Galp Raises 2024 Earnings Forecast and Eyes Strategic Partner for 10 Billion-Barrel Namibia Oil Discovery
Portuguese energy group Galp Energia has raised its full-year profit forecast after reporting better-than-expected second-quarter results and revealed plans to bring in a development partner for its significant offshore oil discovery in Namibia.
The company now expects adjusted EBITDA to exceed €2.7 billion in 2024, up from its previous estimate of €2.5 billion.
The revision comes on the back of strong performance in Galp’s gas trading segment, particularly due to liquefied natural gas (LNG) deliveries from Venture Global’s Calcasieu Pass facility in Louisiana.
Under a long-term take-or-pay contract signed in 2018, Galp is set to receive 1 million metric tons of LNG annually from the U.S.-based exporter, helping fuel its earnings growth.
In the second quarter, Galp reported €840 million in adjusted EBITDA, surpassing analysts’ expectations of €724 million.
Adjusted net profit rose 25% to €373 million, buoyed by lower tax expenses and higher oil production, which helped offset weaker crude prices and shrinking refining margins.
While Brazil remains the cornerstone of Galp’s upstream portfolio, the company is increasingly focused on the Mopane discovery in Namibia, which is estimated to hold over 10 billion barrels of oil and gas equivalent.
Galp currently holds an 80% stake in the Mopane field and is actively seeking a qualified operator to acquire a portion of that stake and take the lead in developing the asset.
Co-CEO Maria João Carioca confirmed that the company has received multiple non-binding offers and will enter bilateral talks to evaluate potential partners and their proposed development plans.

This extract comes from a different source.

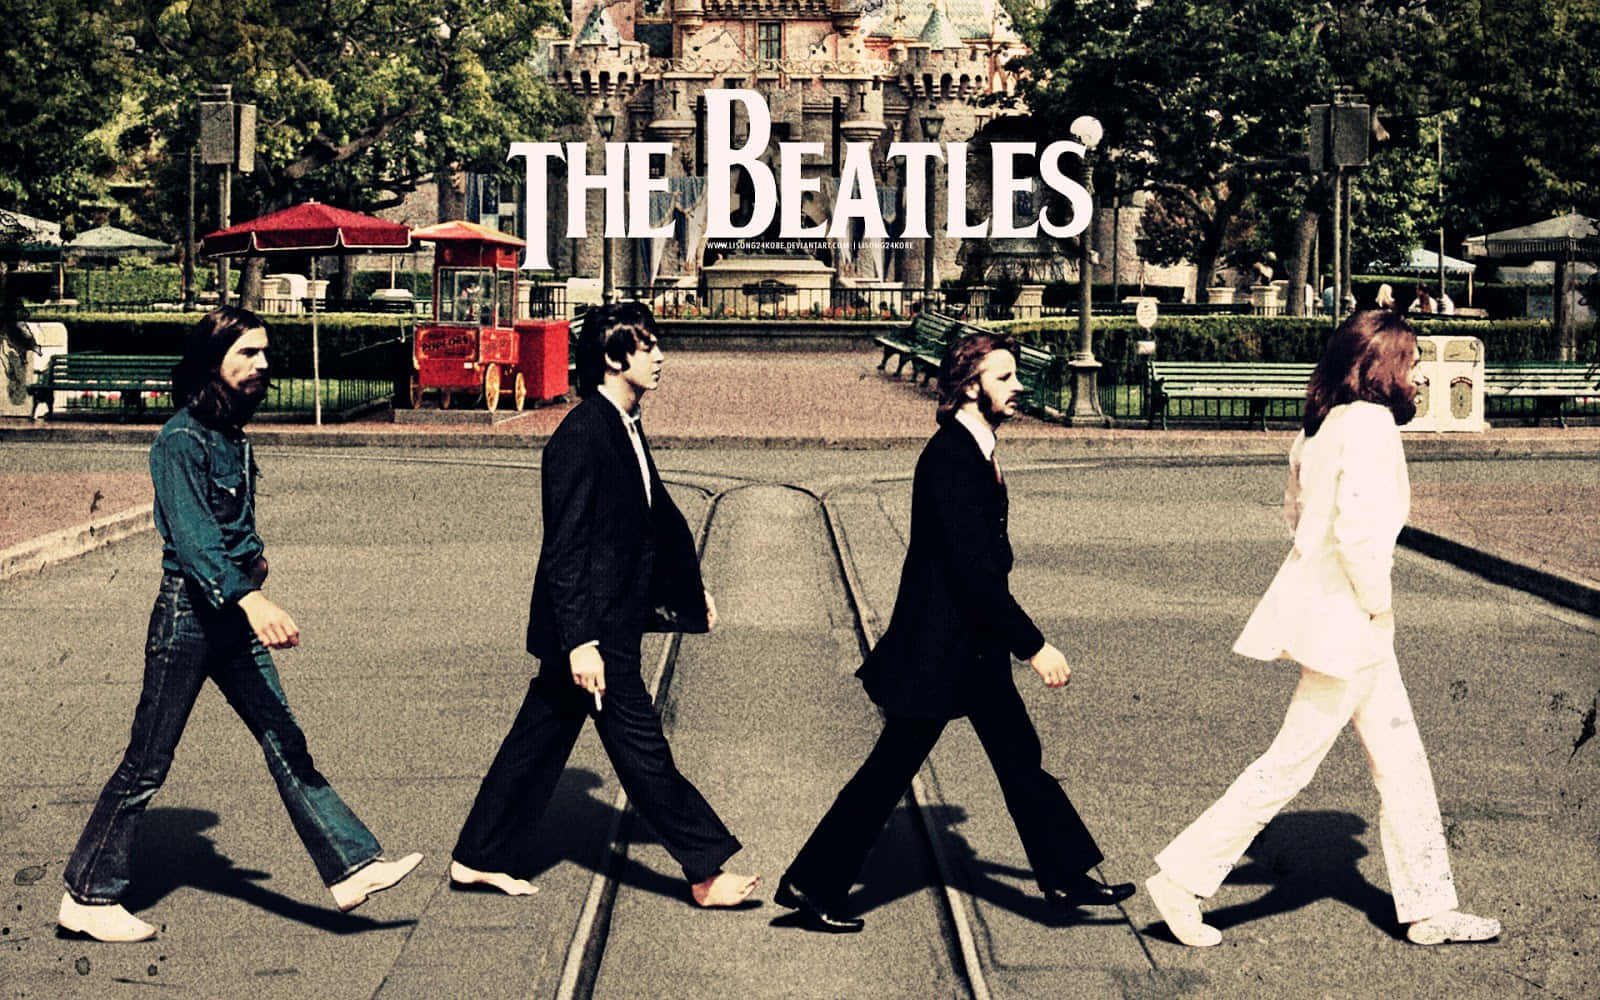 Rock legends, The Beatles
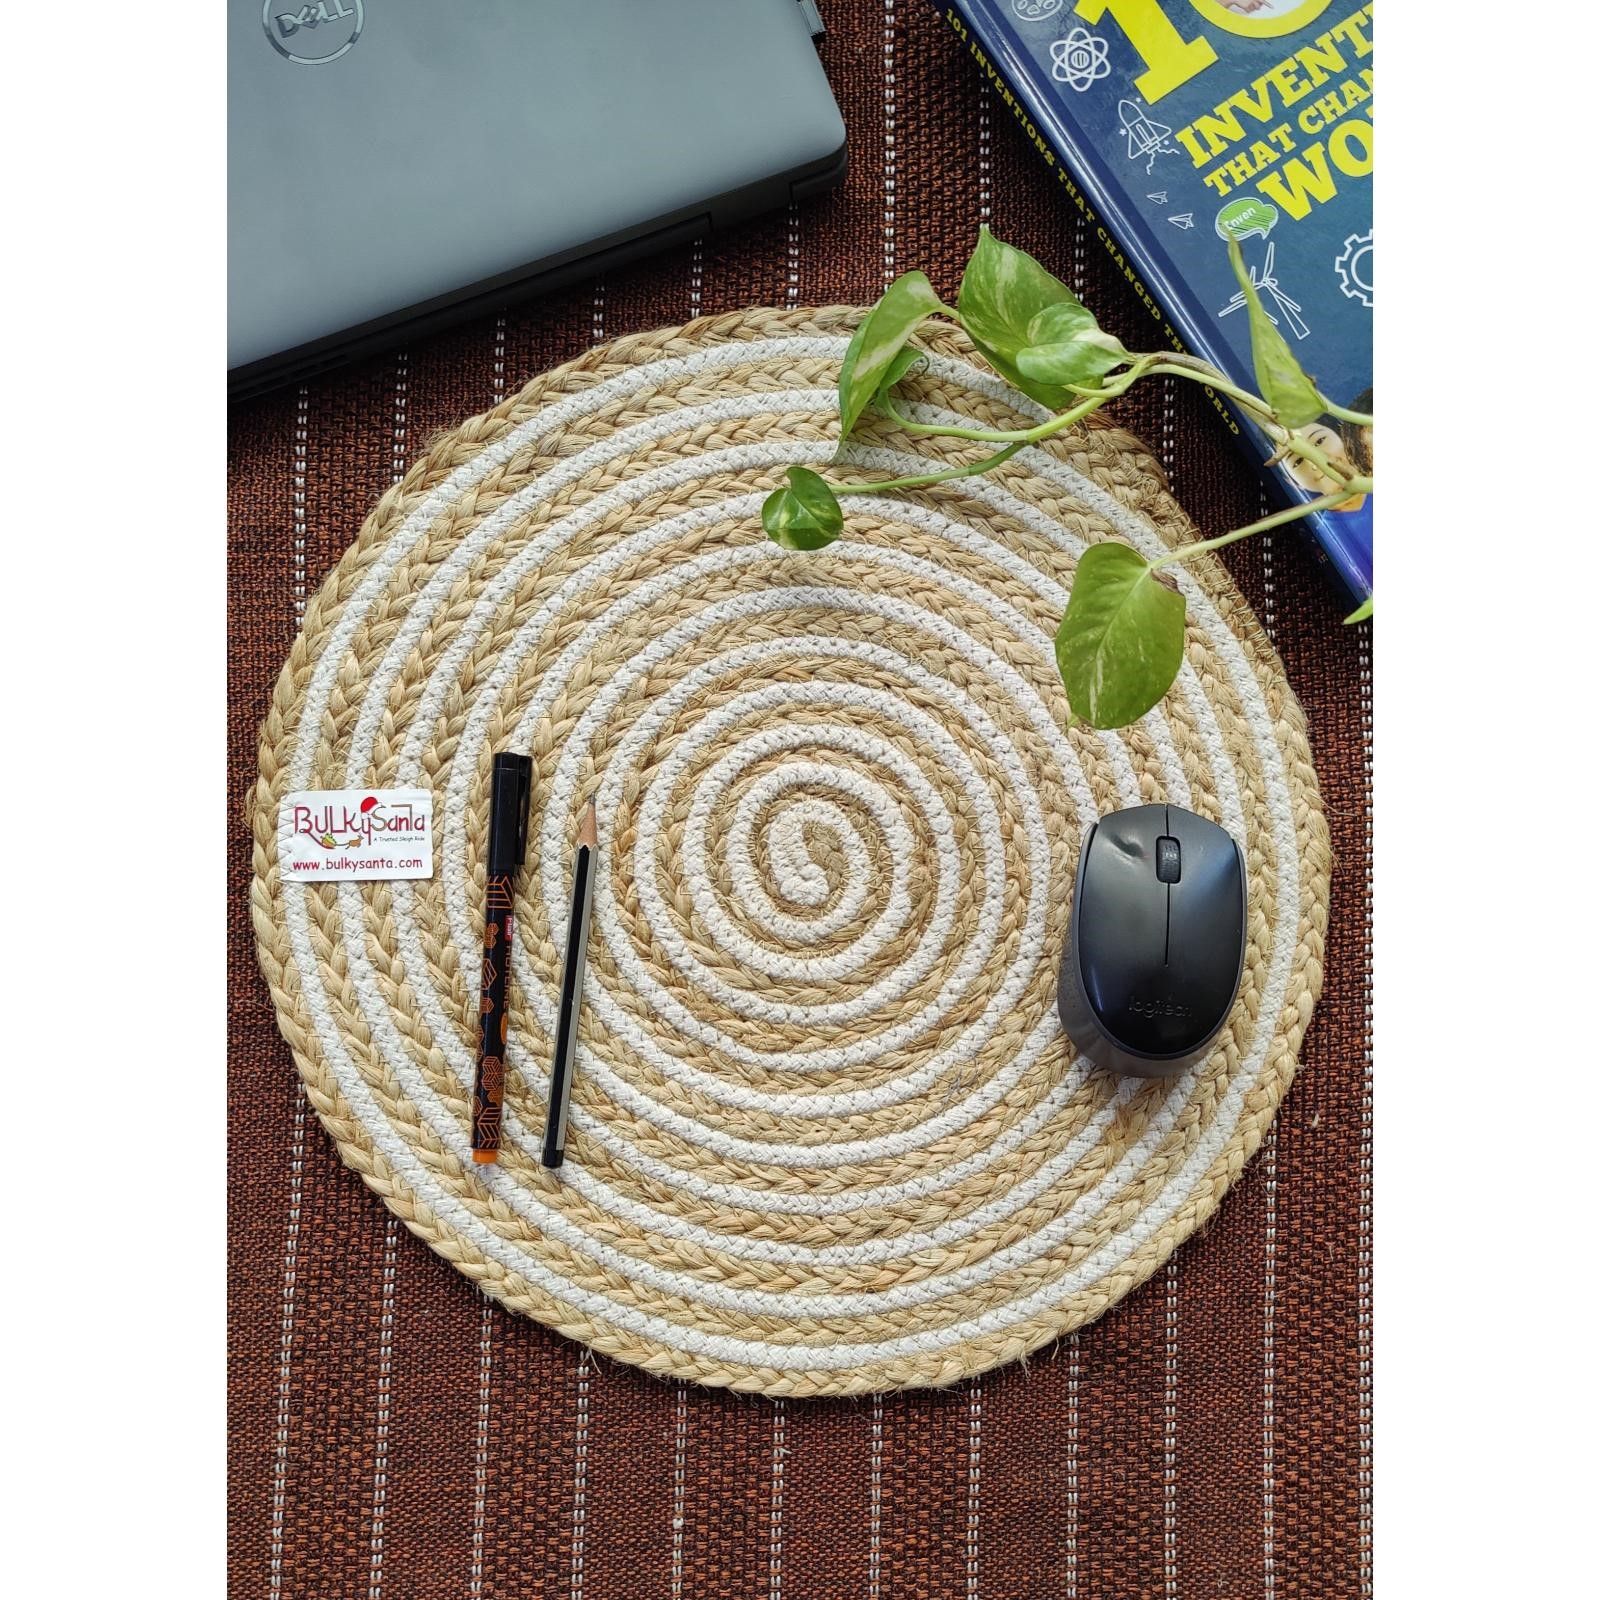 Bulkysanta Cotton Placement mats| Heat-Resistant | Handicraft | Reversible | Washable | Size - 38 cm / 15" (Cotton&Jute) (Pack of 3)

She expressed optimism about forming a strong partnership by the end of the year, highlighting that several credible players are actively engaged in discussions.
The Mopane project could represent a transformational asset for Galp, expanding its footprint in one of the world’s most promising emerging offshore basins, while allowing it to share development risks and capitalize on strategic collaboration.